__SUPPLIED RECORDS__:
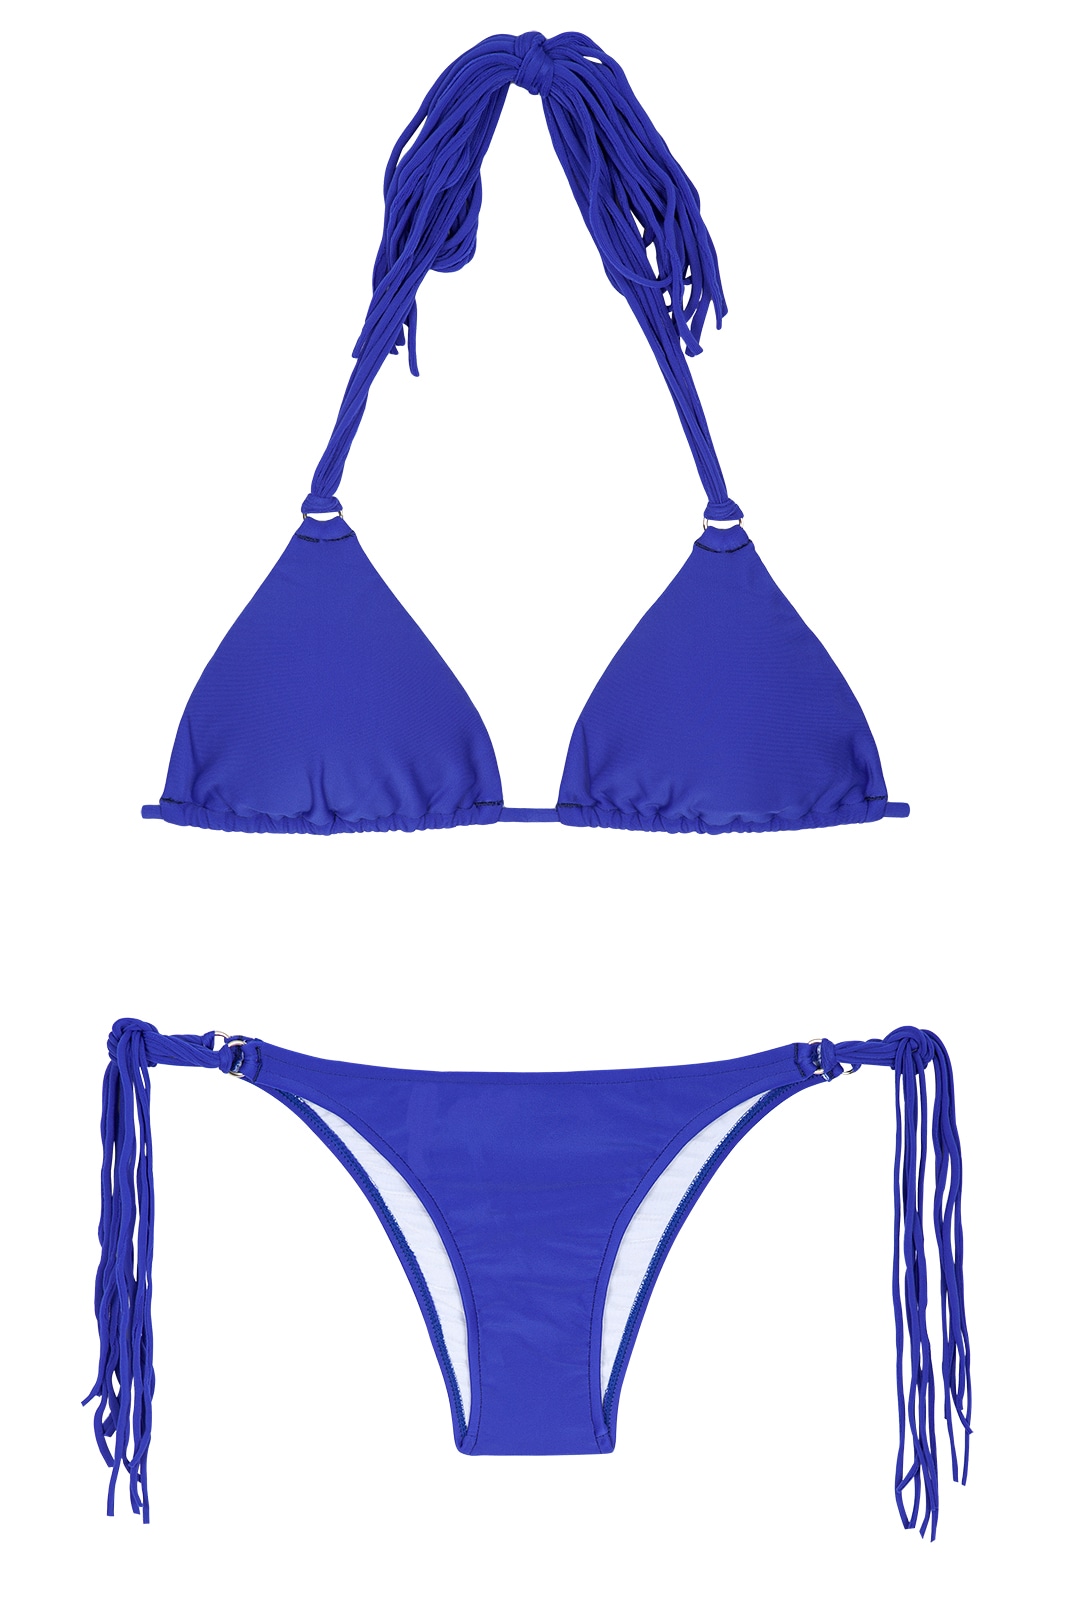 Dark Blue Triangle Bikini With Long Tassels - Franja Zaffiro - Rio de Sol
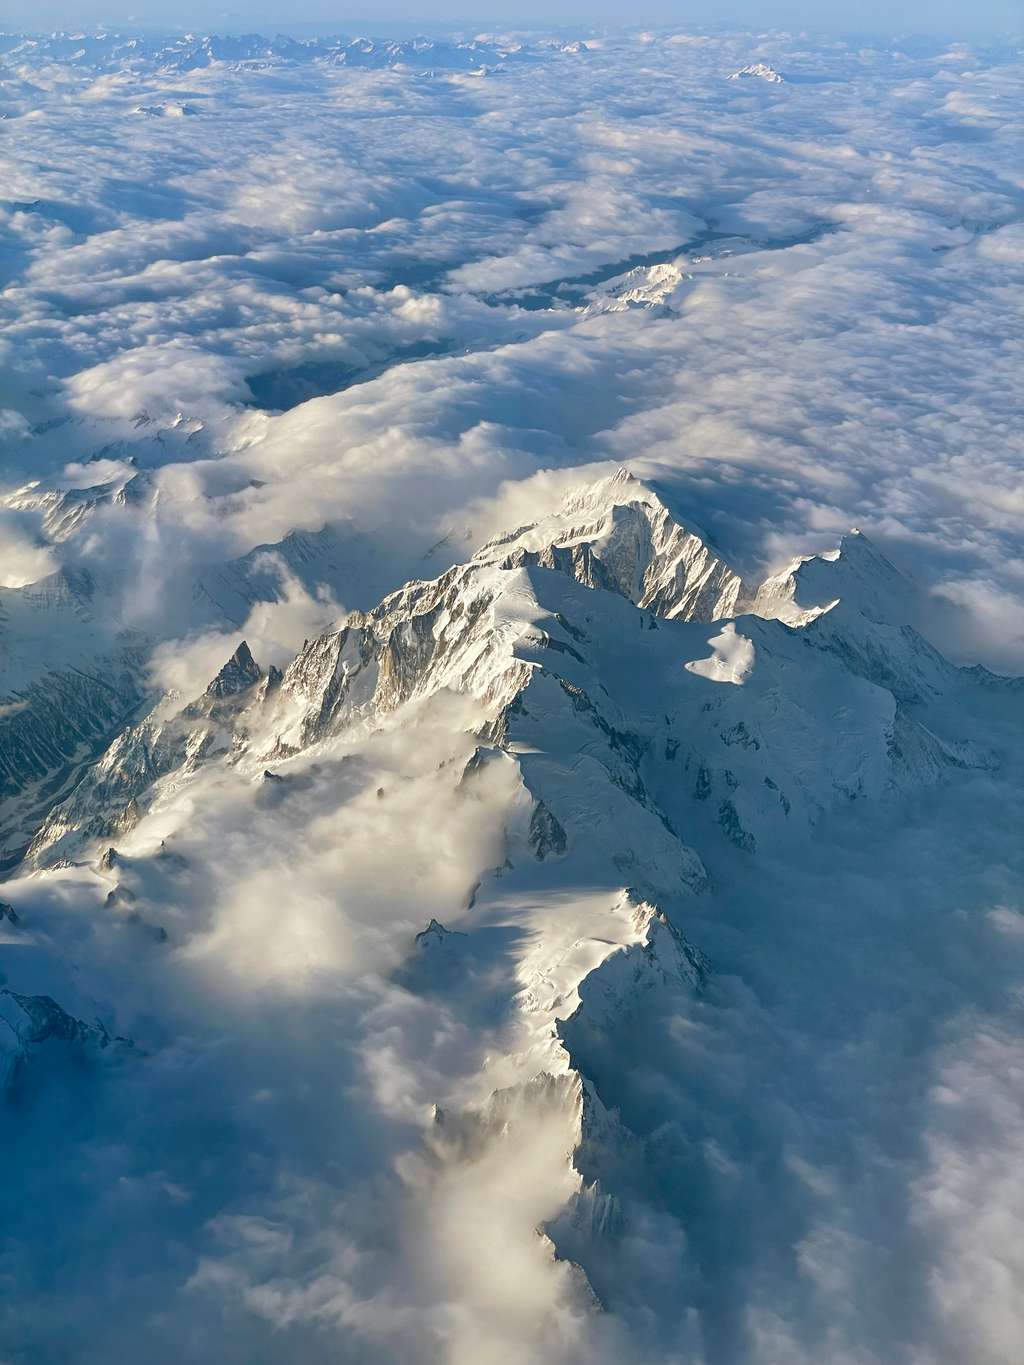 Vue aérienne du mont Blanc recouvert de ses neiges éternelles. © VautrinThomas, <em>Wikimedia Commons</em>, CC by-sa 4.0 
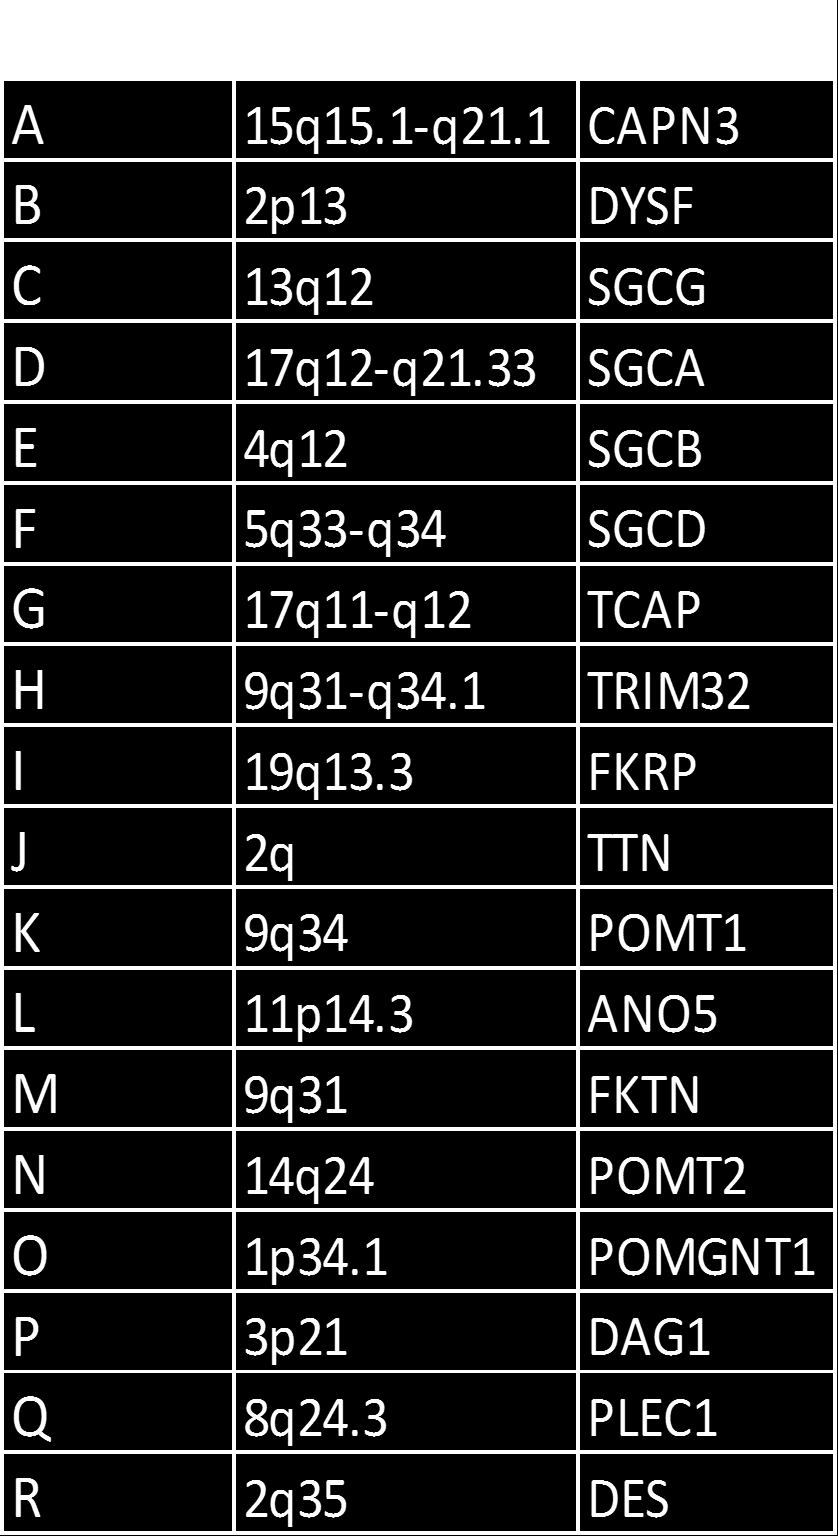 LGMD1 Kromosom Gen Protein A 5q31.2 TTID myotilin B 1q21 LMNA LaminA/C C 3p25.3 CAV3 Caveolin 3 D 7q36.3 DNAJB6 E 6q23 DES Desmin F 7q32.
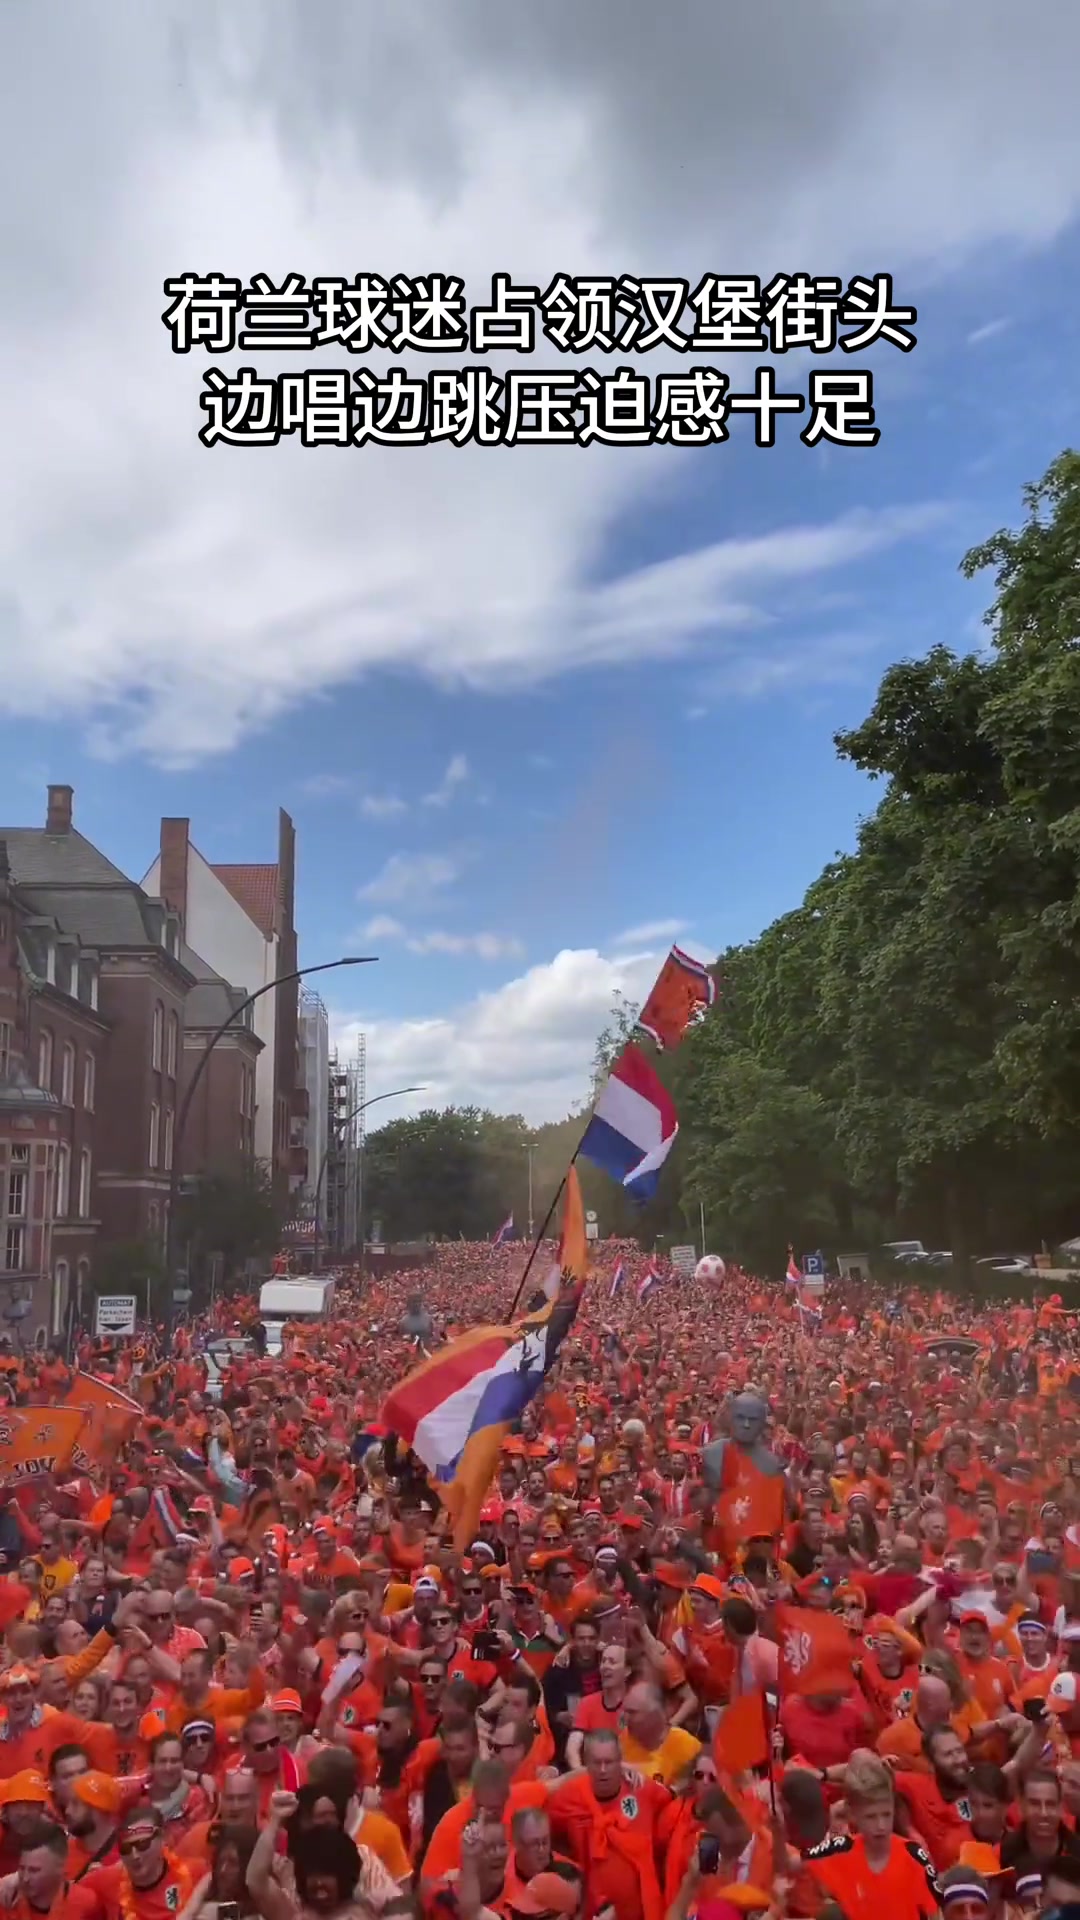 荷兰球迷占领汉堡街头 边唱边跳压迫感十足
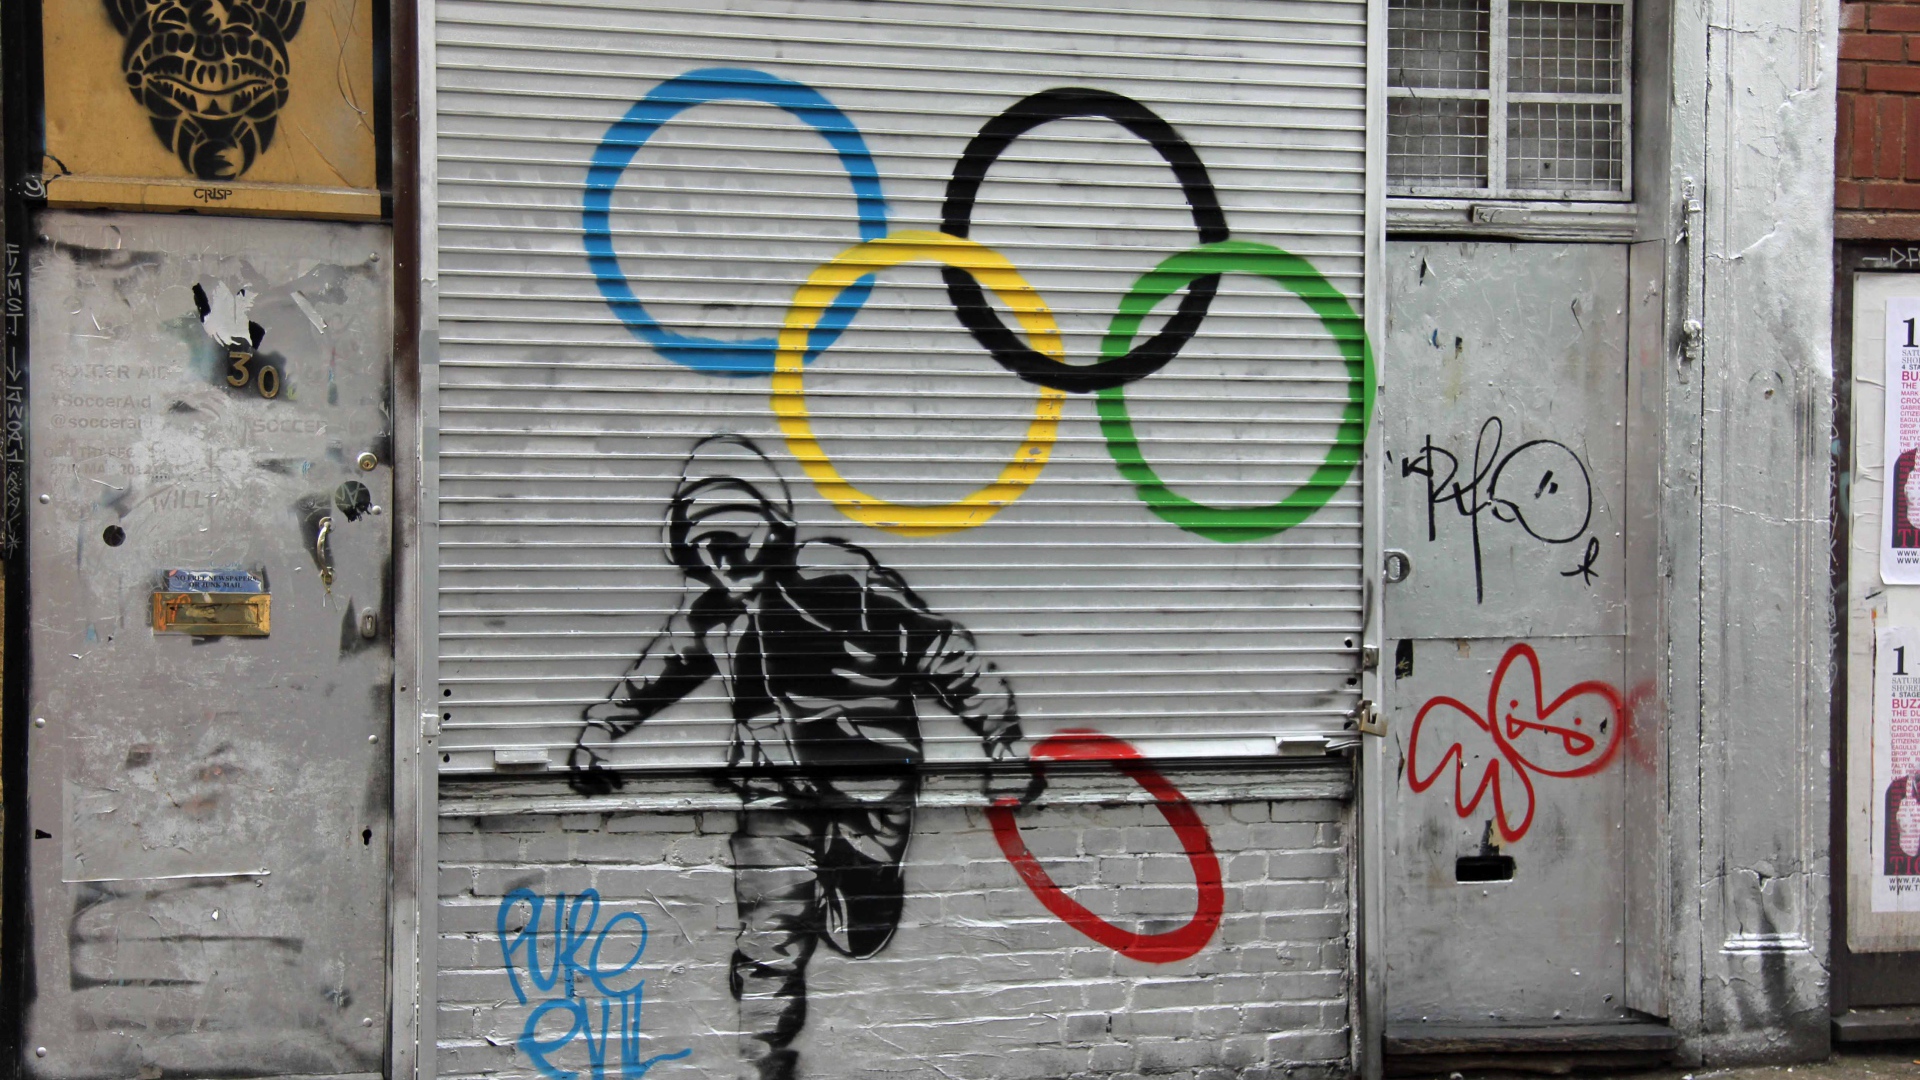 Streetart in Sochi in 2014

__WORK TO COMPLETE__: Output verbatim the lines beginning at the line with "荷兰球迷占领汉堡街头 边唱边跳压迫感十足" and ending at the last line of the material above, inclusive. Do not carry over any pictures.

__SOLUTION TO THIS EXERCISE__:
 荷兰球迷占领汉堡街头 边唱边跳压迫感十足
 Streetart in Sochi in 2014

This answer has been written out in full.